We take a step back and ask what the signifier of the kind is here and what properties should actually dictate a change. This would effectively combine all of these different kinds into a single one.

An artifact kind in the current glossary draft is a well-known categorization. So given that we are using the artifact name to distinguish these, how do we figure out when there should and shouldn't be a category for something like an STM32H753 Hubris image. That is, I would question why even have different categories for these at all. The thing that seems to be the unifying pieces here seem to be:

The correct artifact and deployment unit can be determined by matching the caboose board property.
We are assuming there is a single archive that we need to pick.

Similarly the RoT and RoT bootloader have their own unique properties that make it clear that these all should be different artifact kinds. But it's not really clear to me that every class of hardware should, until we change something about these properties. For example, say we had an RoT that was based upon some other microcontroller that had the option of banked flash and therefore we had a very different way that the actual artifact was packaged and how we selected it, it follows that the artifact kind would have to be different. Conversely say we had a different generation SP hardware but it had the same single-unit nature, then there's no reason we probably couldn't reuse the same artifact kind since the way we would select and extract it would be the same.

I think this all leads me down towards (4) and that perhaps that the general kind is broader than we have used to date for the SP, RoT, and RoT bootloader. We should probably at least do (3) here, though I think we should consider (4) more strongly and what properties actually make sense here.

The text was updated successfully, but these errors were encountered:

labbott · 2025-03-20T14:40:28Z

For transparency, I think if we decided to go with option 2 today everything would "just work".

That said, I agree about pursuing a mix of option 3 and 4. More generically than "The correct artifact and deployment unit can be determined by matching the caboose board property." is that the correct artifact can be selected and updated in a consistent manner.

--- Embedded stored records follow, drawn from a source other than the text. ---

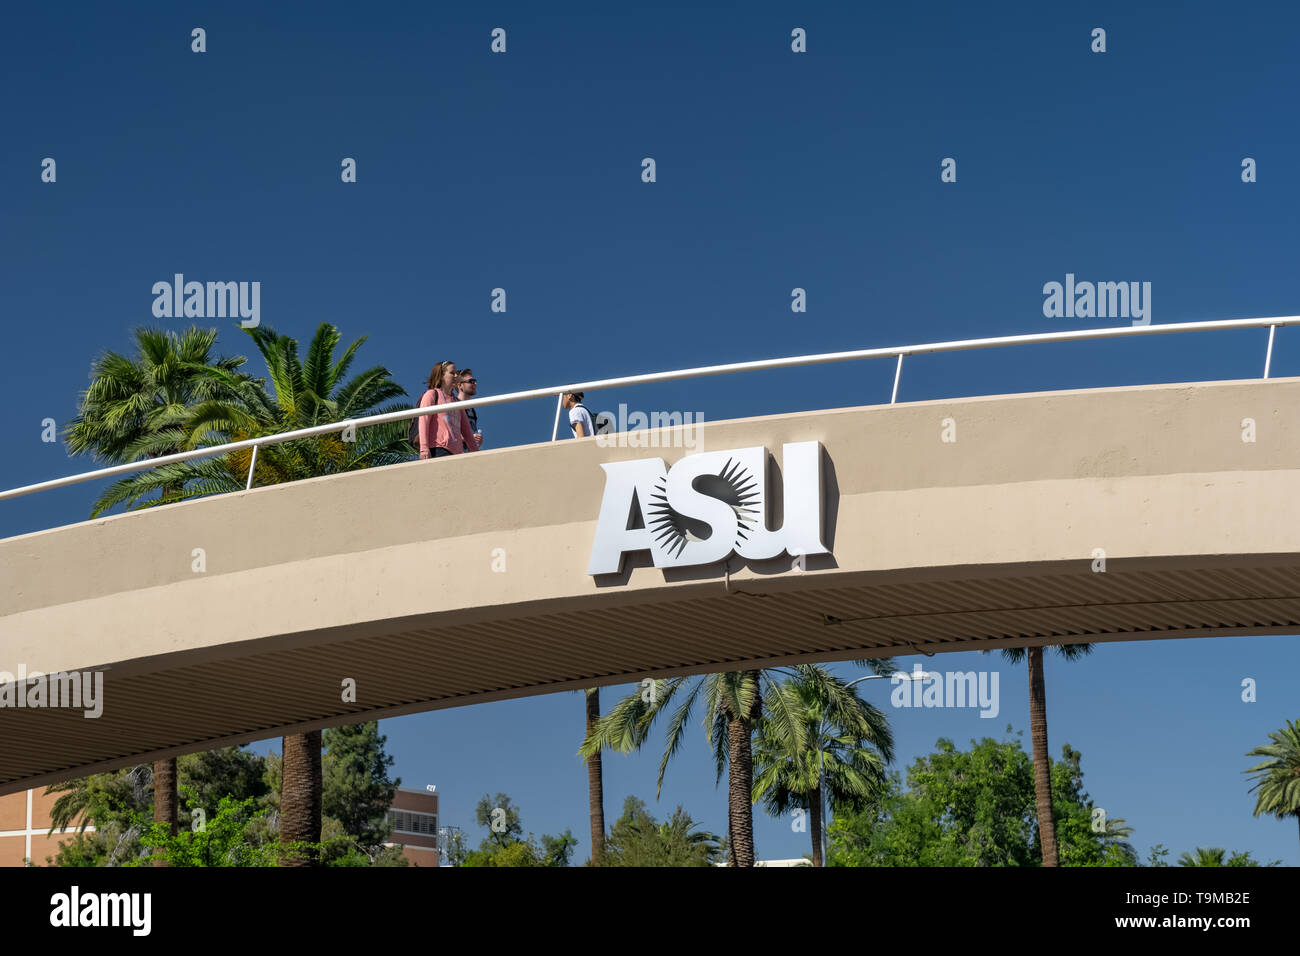 TEMPE, AZ/USA - 10. APRIL 2019: Nicht identifizierte Personen vorbei an Overhead Bridge auf dem Campus der Arizona State University. Stockfoto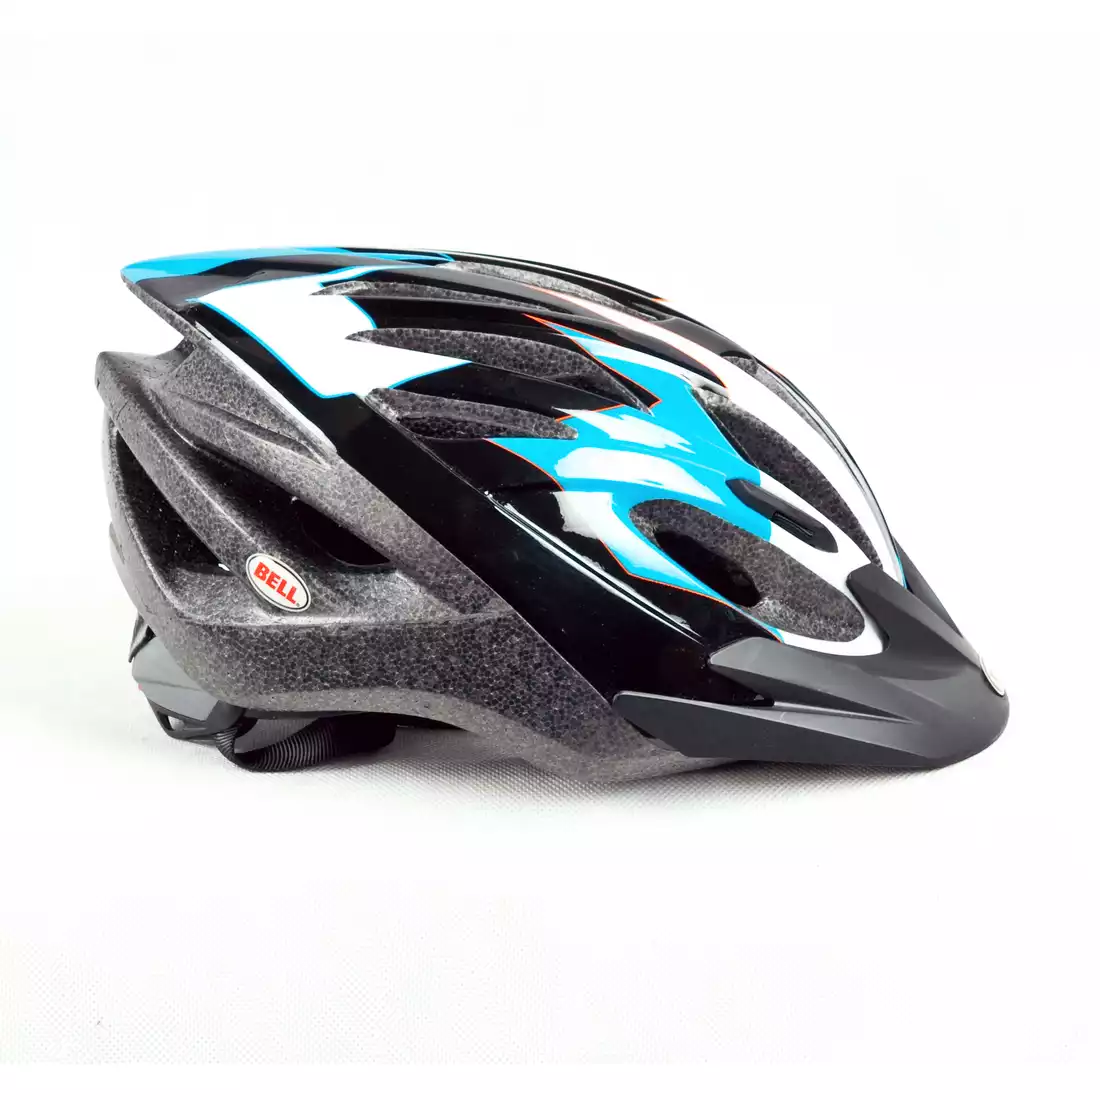 BELL PRESIDIO - kask rowerowy, czarno-niebieski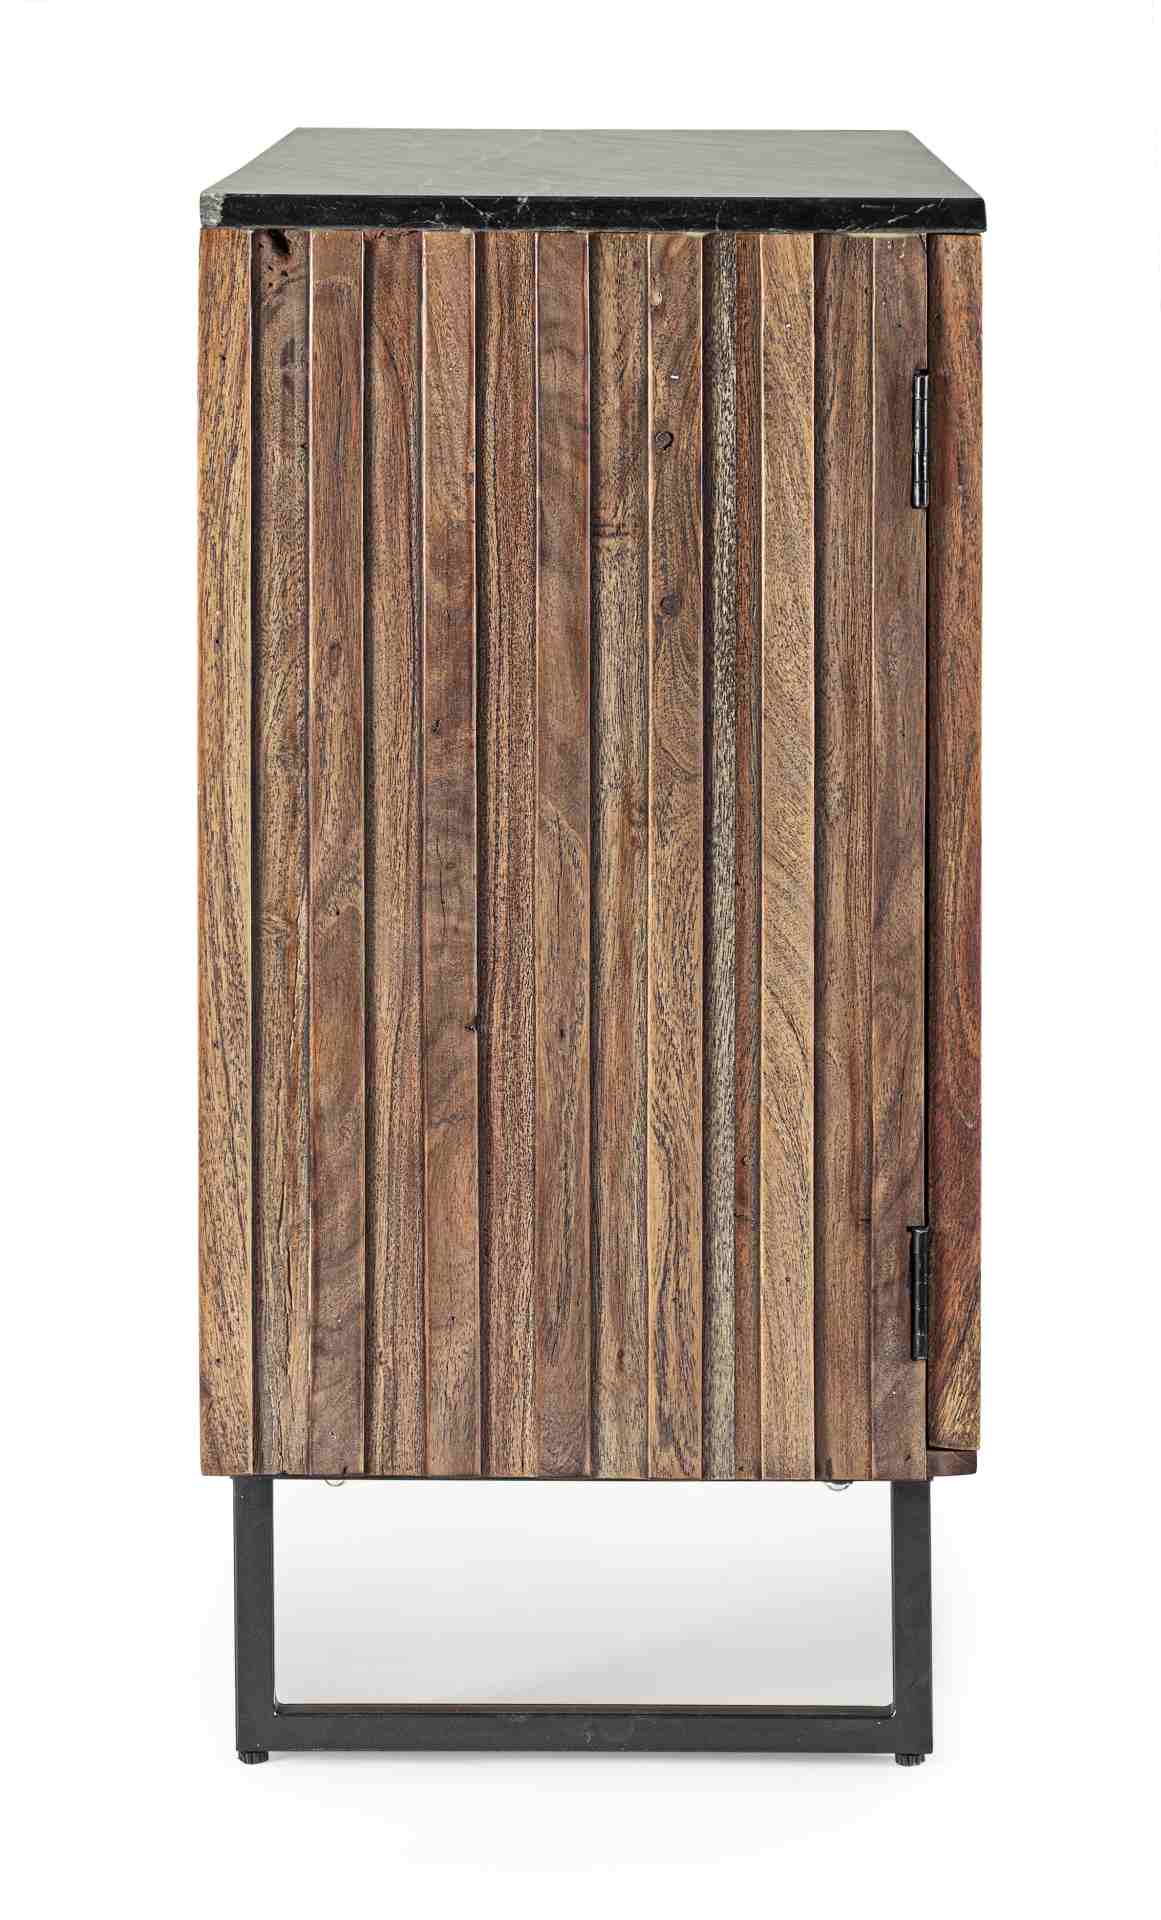 Das Sideboard Norfolk überzeugt mit seinem modernem Design. Gefertigt wurde es aus Akazien-Holz, welches einen natürlichen Farbton besitzt. Das Gestell ist aus Metall und hat eine schwarze Farbe. Die Oberflächenplatte ist aus Marmor. Das Sideboard verfügt

Consider if we didn't have a separate RoT bootloader type and modeled the bootloader as another entry in the composite type. There is update logic needed to select whether we apply the A or B artifact but that same logic does not apply to the bootloader. The sequence of MGS calls to update a bootloader is also different than updating hubris and in fact requires multiple reboots of the RoT. This would be a pain to keep under a single artifact kind.

How different would an SP have to be before we would really need/want a new artifact kind? The distinction of "select and extract it would be the same" is part of it but consider an SP with a single image but we require an extra reset of the SP or an extra manual step because of some hardware feature or even a hardware misfeature we don't discover until much later. If the application logic is sufficiently different that could be an argument for another SP kind.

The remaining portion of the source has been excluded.